Step 5 - Prompt caching to cut the bill
If you reuse a long system prompt or a fixed codebase context across many calls, prompt caching takes that input from $2.50 to $0.25 per 1M tokens. On the Anthropic route, mark the stable prefix with cache_control. The first call writes the cache; later calls read it cheaply.
# Prompt caching drops repeated input from $2.50 to $0.25 per 1M tokens.
# On the Anthropic route, mark the stable block with cache_control.
LONG_SYSTEM = open("codebase_context.md").read() # e.g. 40k tokens, reused
msg = client.messages.create(
model="qwen3.7-max",
max_tokens=1024,
system=[
{
"type": "text",
"text": LONG_SYSTEM,
"cache_control": {"type": "ephemeral"}, # cache this prefix
}
],
messages=[{"role": "user", "content": "Where is auth handled?"}],
)
u = msg.usage
print("cache_creation:", getattr(u, "cache_creation_input_tokens", 0))
print("cache_read :", getattr(u, "cache_read_input_tokens", 0))
Worked example: a tool-using coding agent
Here is the pattern that makes Qwen 3.7 Max worth using as an agent backend: the standard Anthropic tool-use loop. The model decides when to call a tool, you execute it, feed the result back, and repeat until it stops. This is identical to how you would write it against Claude, which is exactly the point.
import json, os
from anthropic import Anthropic
client = Anthropic(
base_url="https://dashscope-intl.aliyuncs.com/apps/anthropic",
auth_token=os.environ["DASHSCOPE_API_KEY"],
)
# 1. Define a tool the model can call.
TOOLS = [{
"name": "run_sql",
"description": "Run a read-only SQL query against the analytics DB.",
"input_schema": {
"type": "object",
"properties": {"query": {"type": "string"}},
"required": ["query"],
},
}]
def run_sql(query: str) -> str:
# Stand-in for a real DB call.
if "count" in query.lower():
return json.dumps({"rows": [{"signups": 1423}]})

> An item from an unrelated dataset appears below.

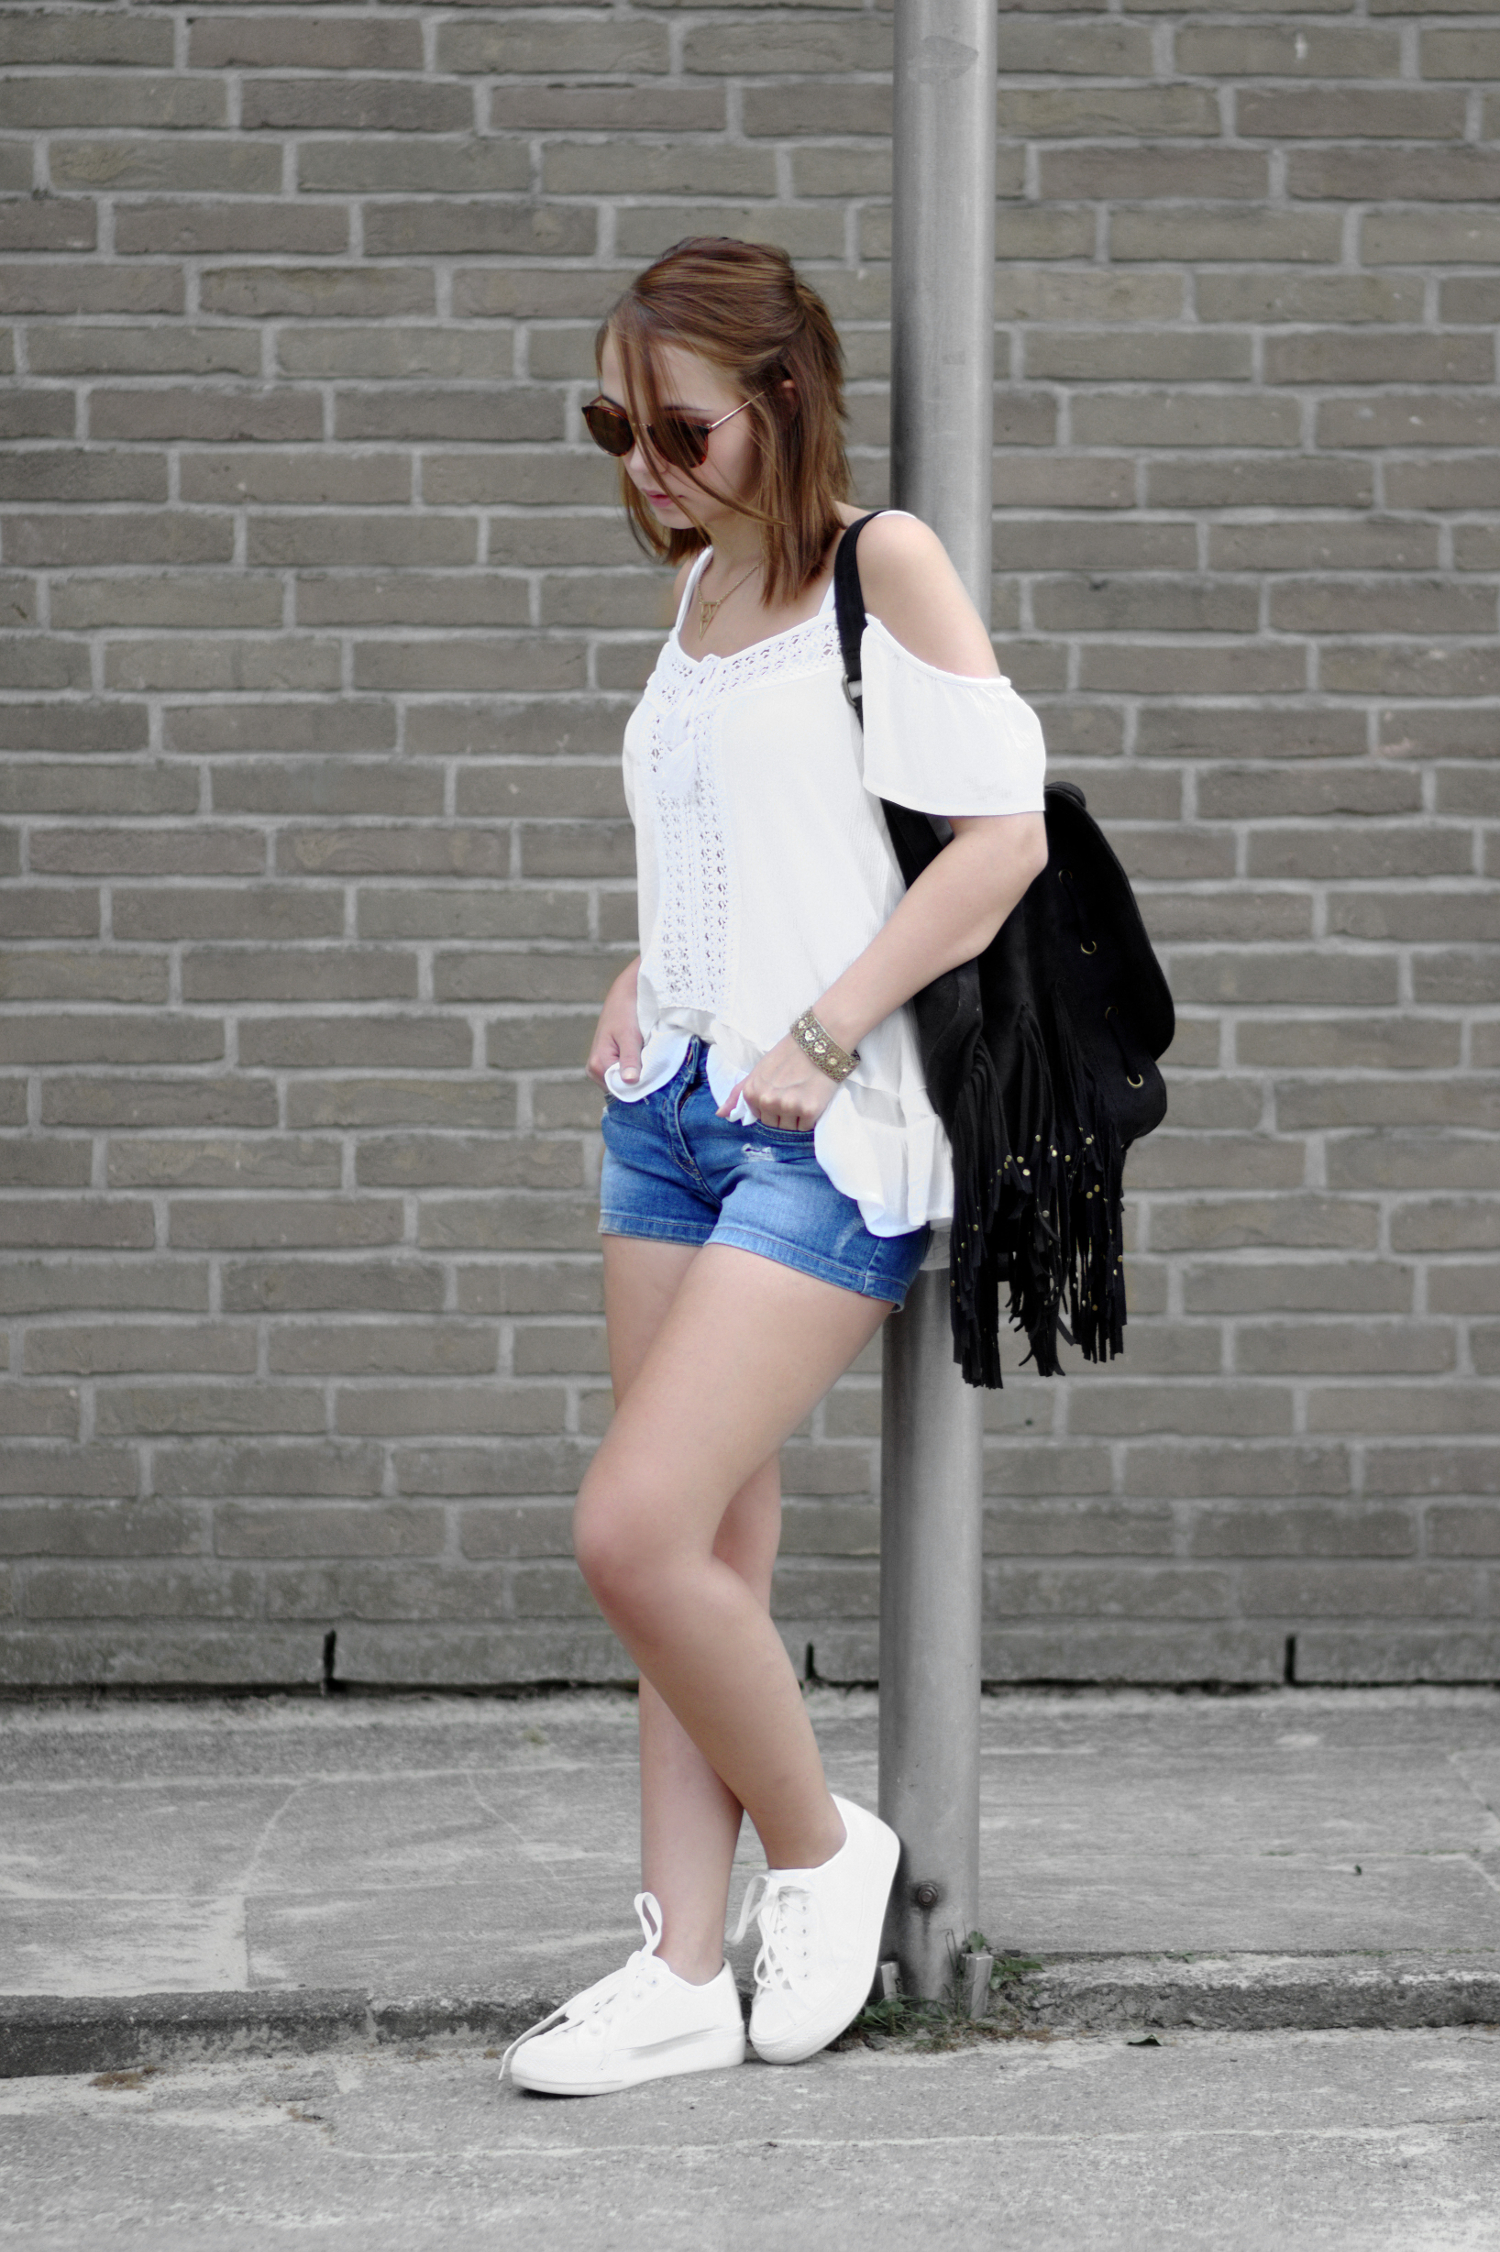 Bezaubernde Nana, bezauberndenana.de, Sommer Outfit mit Jeans Shorts, schulterfreies Oberteil, Off Shoulder, Plateau Sneaker, sportliches Outfit, Streetstyle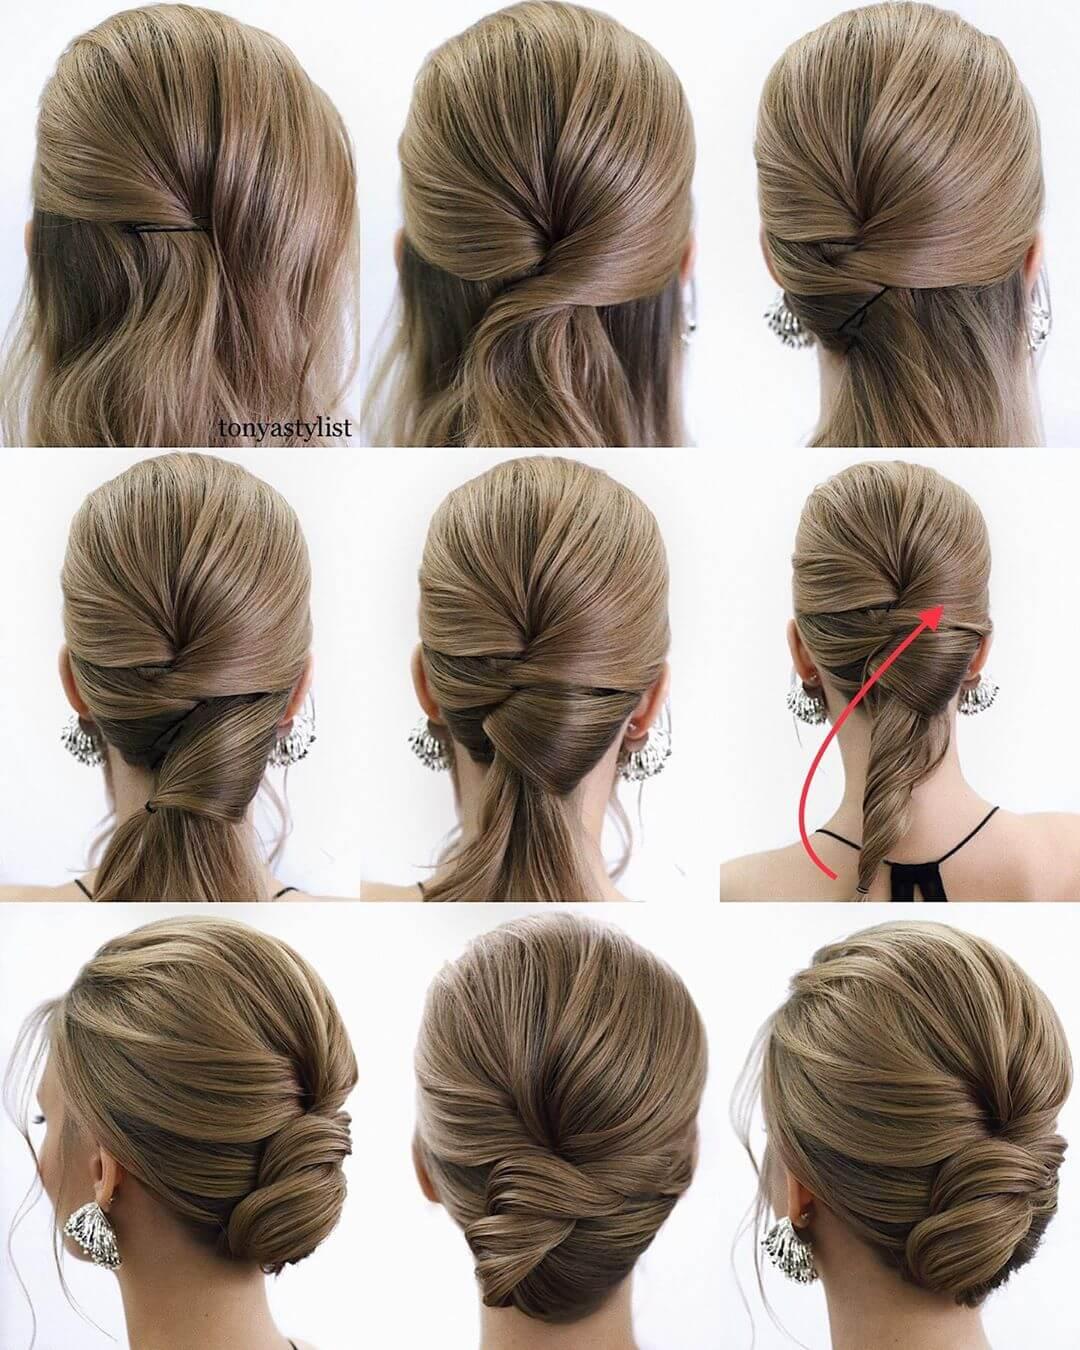 Step by Step Twist in lower bun Hairstyles for Long, Medium, Short Hair

return json.dumps({"rows": []})
messages = [{"role": "user",
"content": "How many signups did we get? Use the tool."}]
# 2. Agent loop: call -> run tools -> feed results back -> repeat.
while True:
resp = client.messages.create(
model="qwen3.7-max",
max_tokens=1024,
tools=TOOLS,
messages=messages,
)
messages.append({"role": "assistant", "content": resp.content})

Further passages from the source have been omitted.